━━ PROVIDED INFORMATION ━━
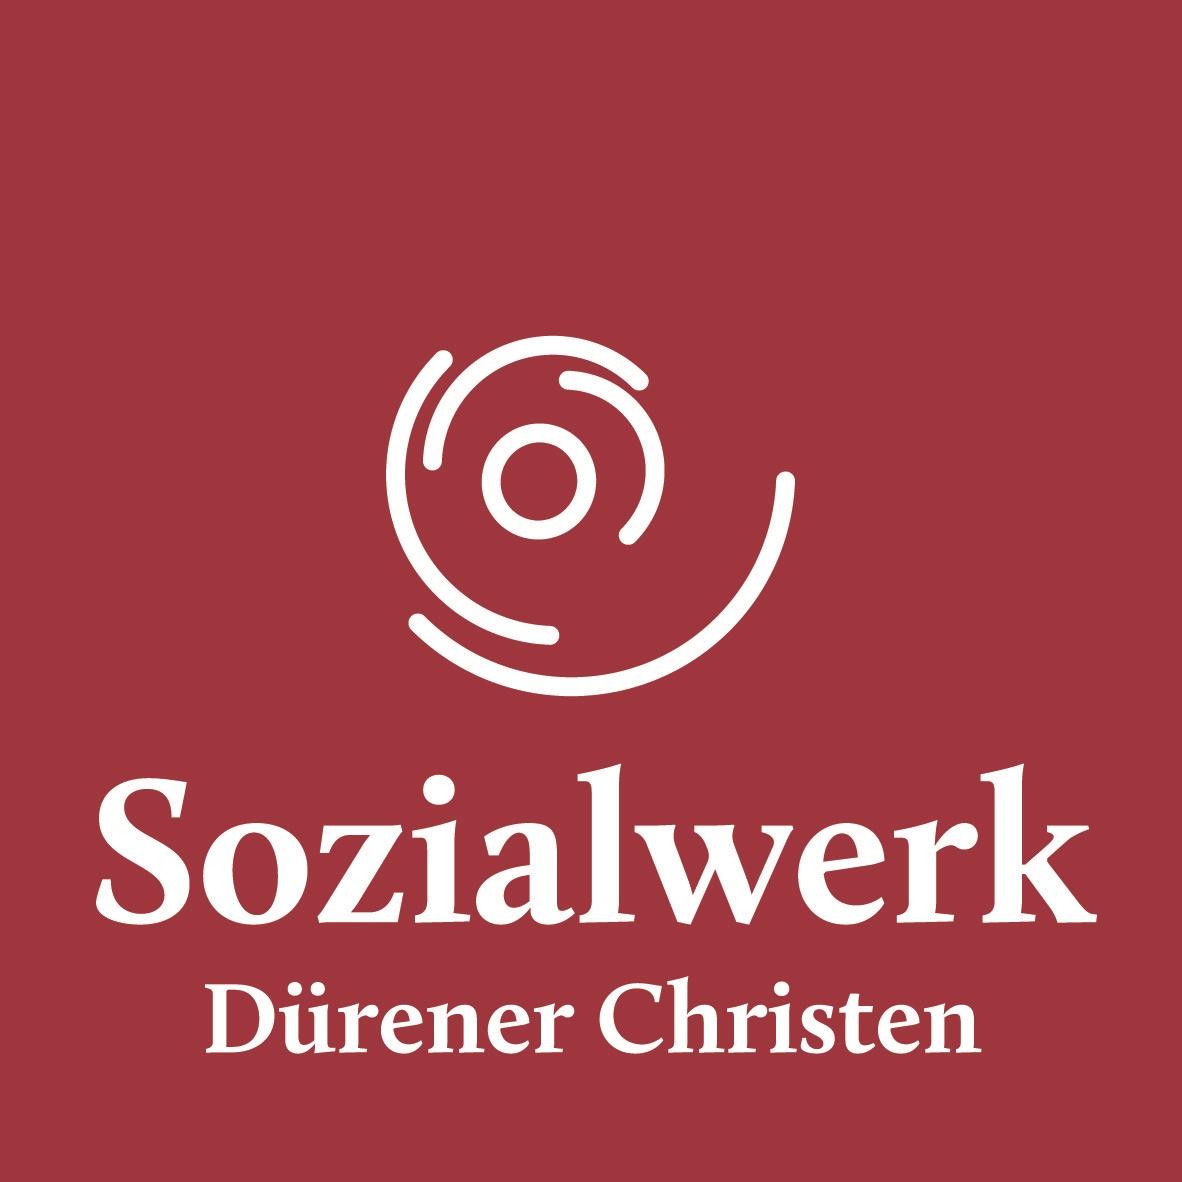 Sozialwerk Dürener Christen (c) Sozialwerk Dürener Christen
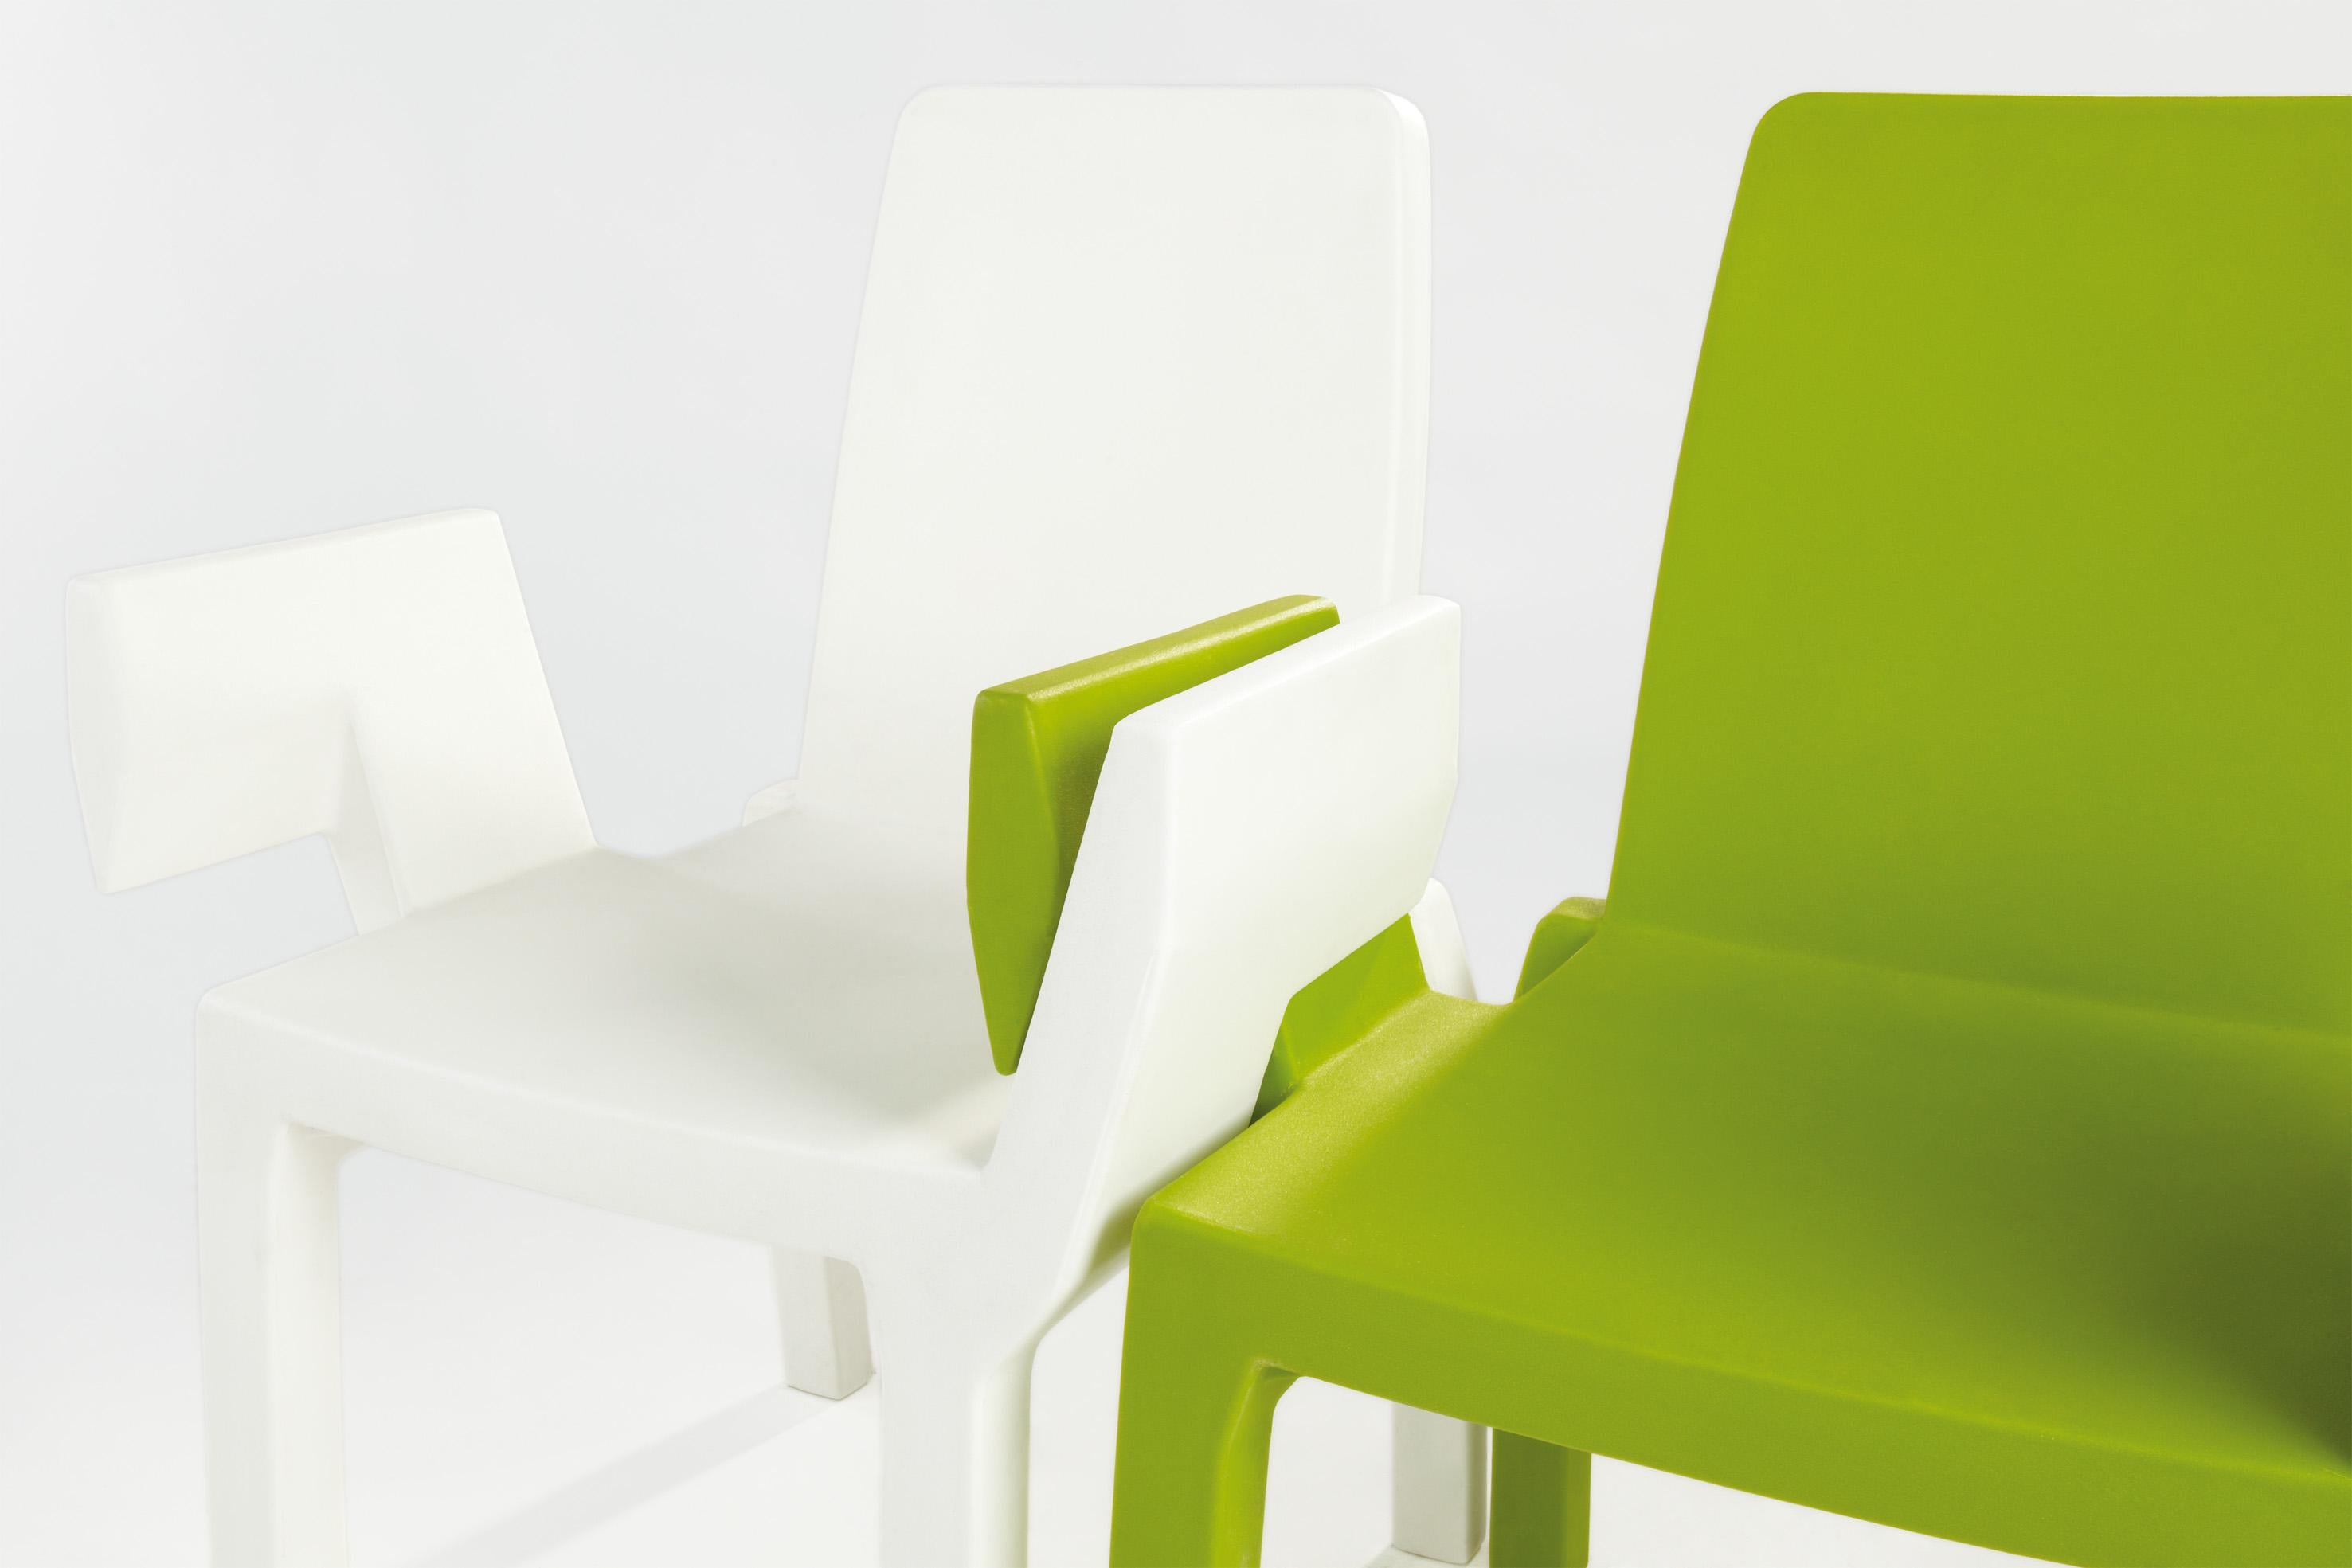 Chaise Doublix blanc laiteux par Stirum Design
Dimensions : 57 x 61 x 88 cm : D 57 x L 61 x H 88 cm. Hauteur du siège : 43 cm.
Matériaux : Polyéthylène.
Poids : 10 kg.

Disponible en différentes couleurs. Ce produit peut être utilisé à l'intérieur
━━━
━━ PROVIDED INFORMATION ━━
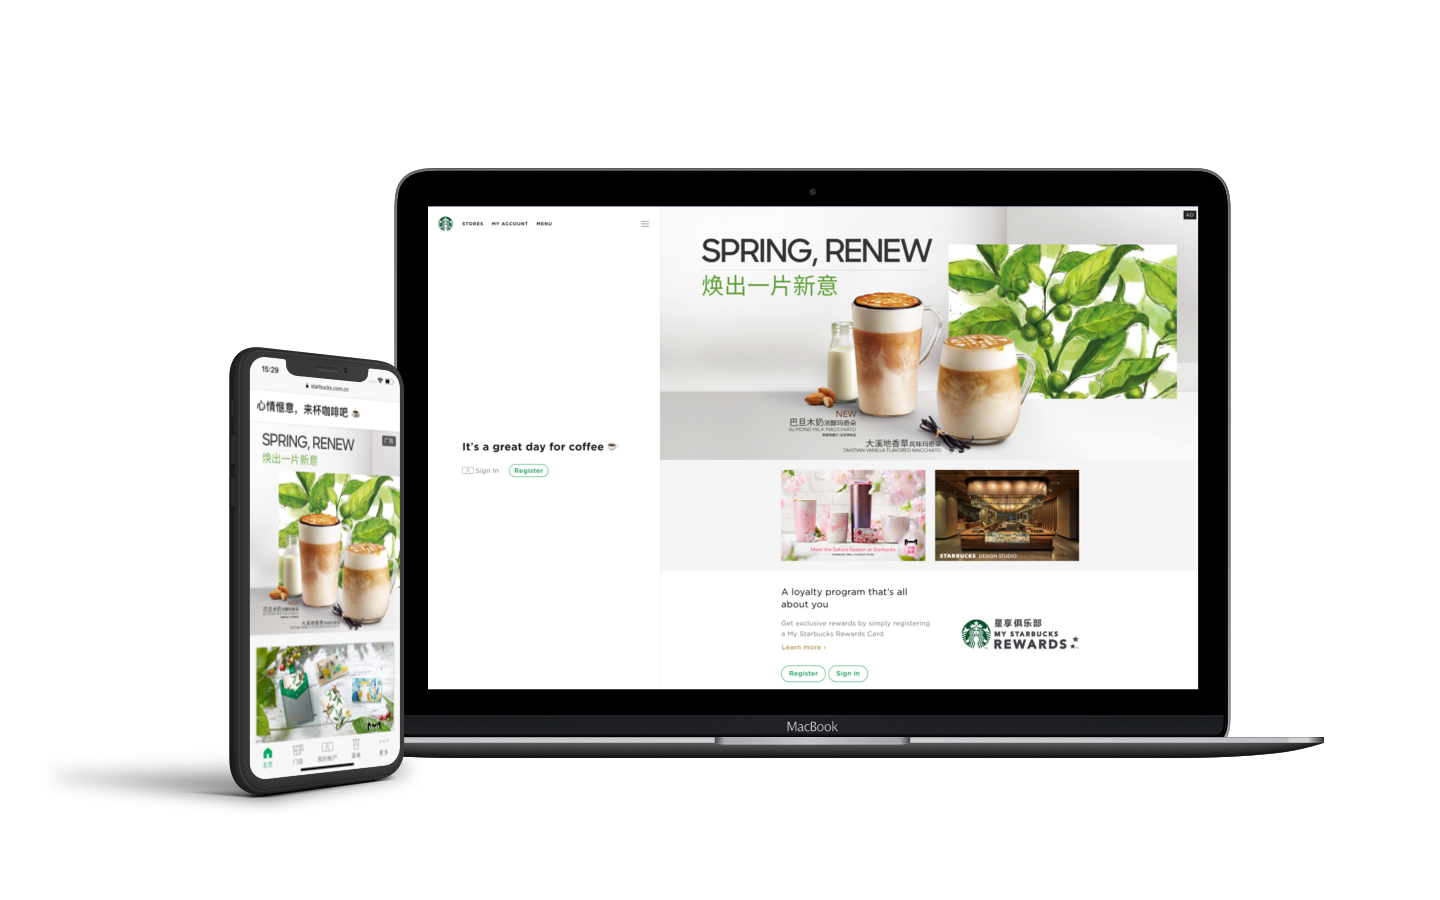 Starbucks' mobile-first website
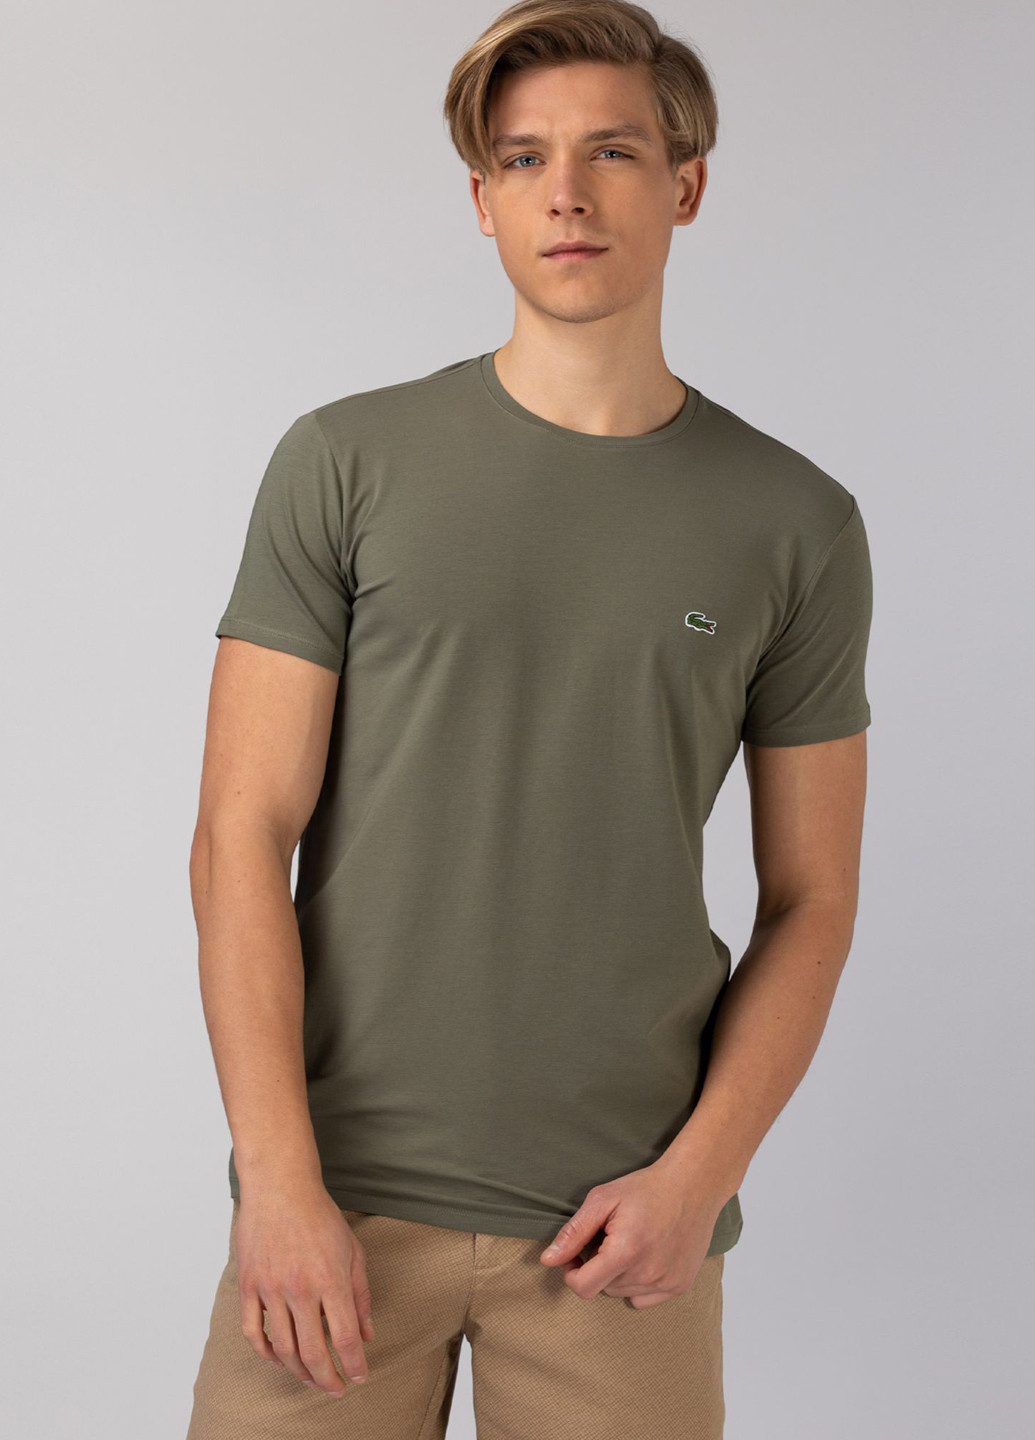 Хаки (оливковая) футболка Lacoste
━━━
━━ PROVIDED INFORMATION ━━
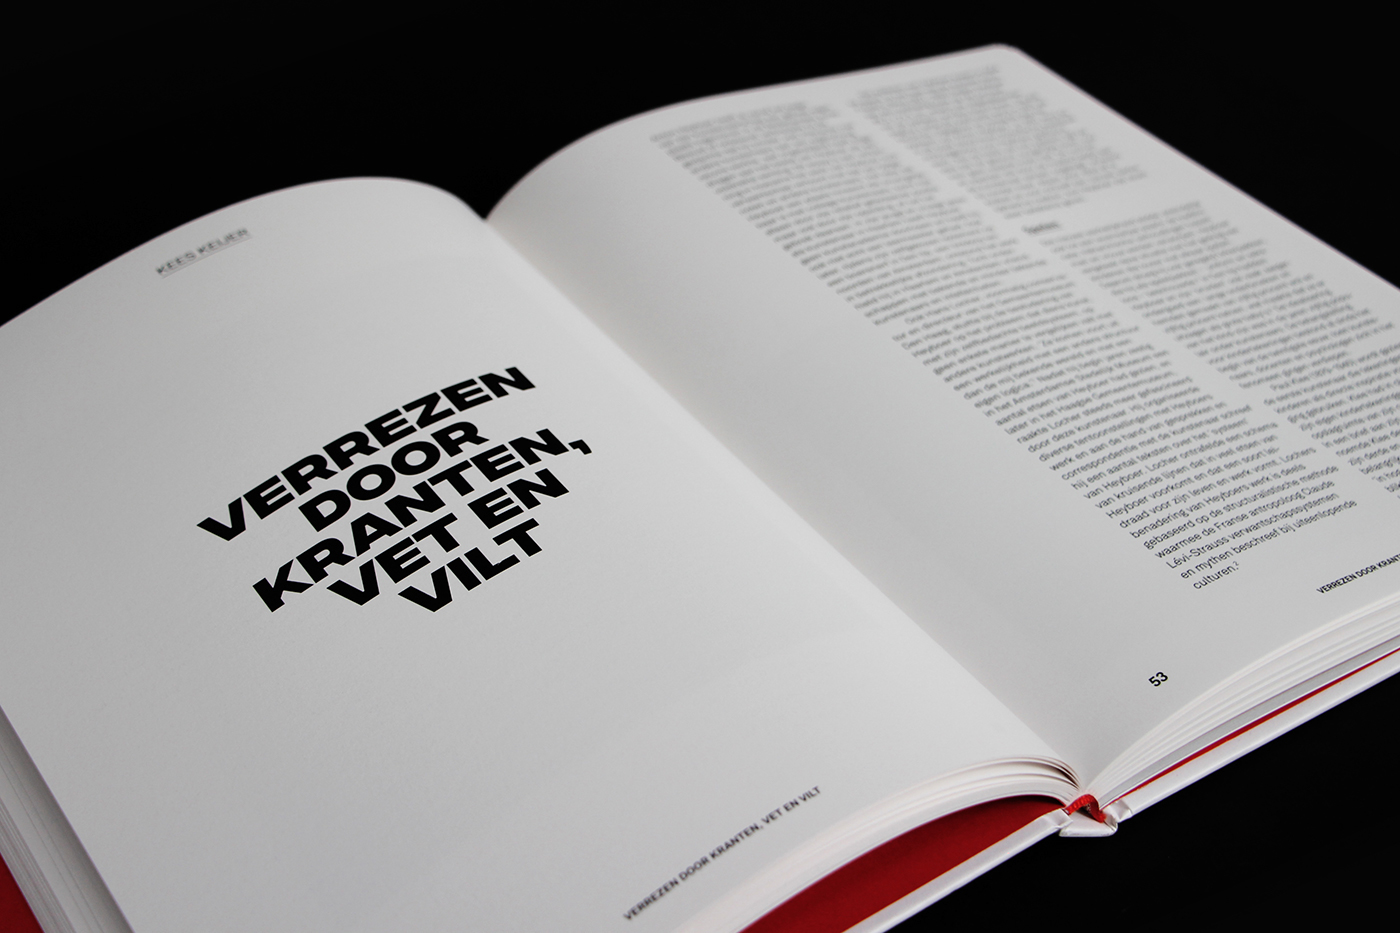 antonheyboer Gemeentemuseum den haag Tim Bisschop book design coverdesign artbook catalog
━━━
> _TRY IT_:
From the records above, extract exactly and only the lines that begin at the line with "Dimensions : 57" and stop after the line with "Disponible en différentes".

> _SOLUTION TO THE PROBLEM_:
Dimensions : 57 x 61 x 88 cm : D 57 x L 61 x H 88 cm. Hauteur du siège : 43 cm.
Matériaux : Polyéthylène.
Poids : 10 kg.

Disponible en différentes couleurs. Ce produit peut être utilisé à l'intérieur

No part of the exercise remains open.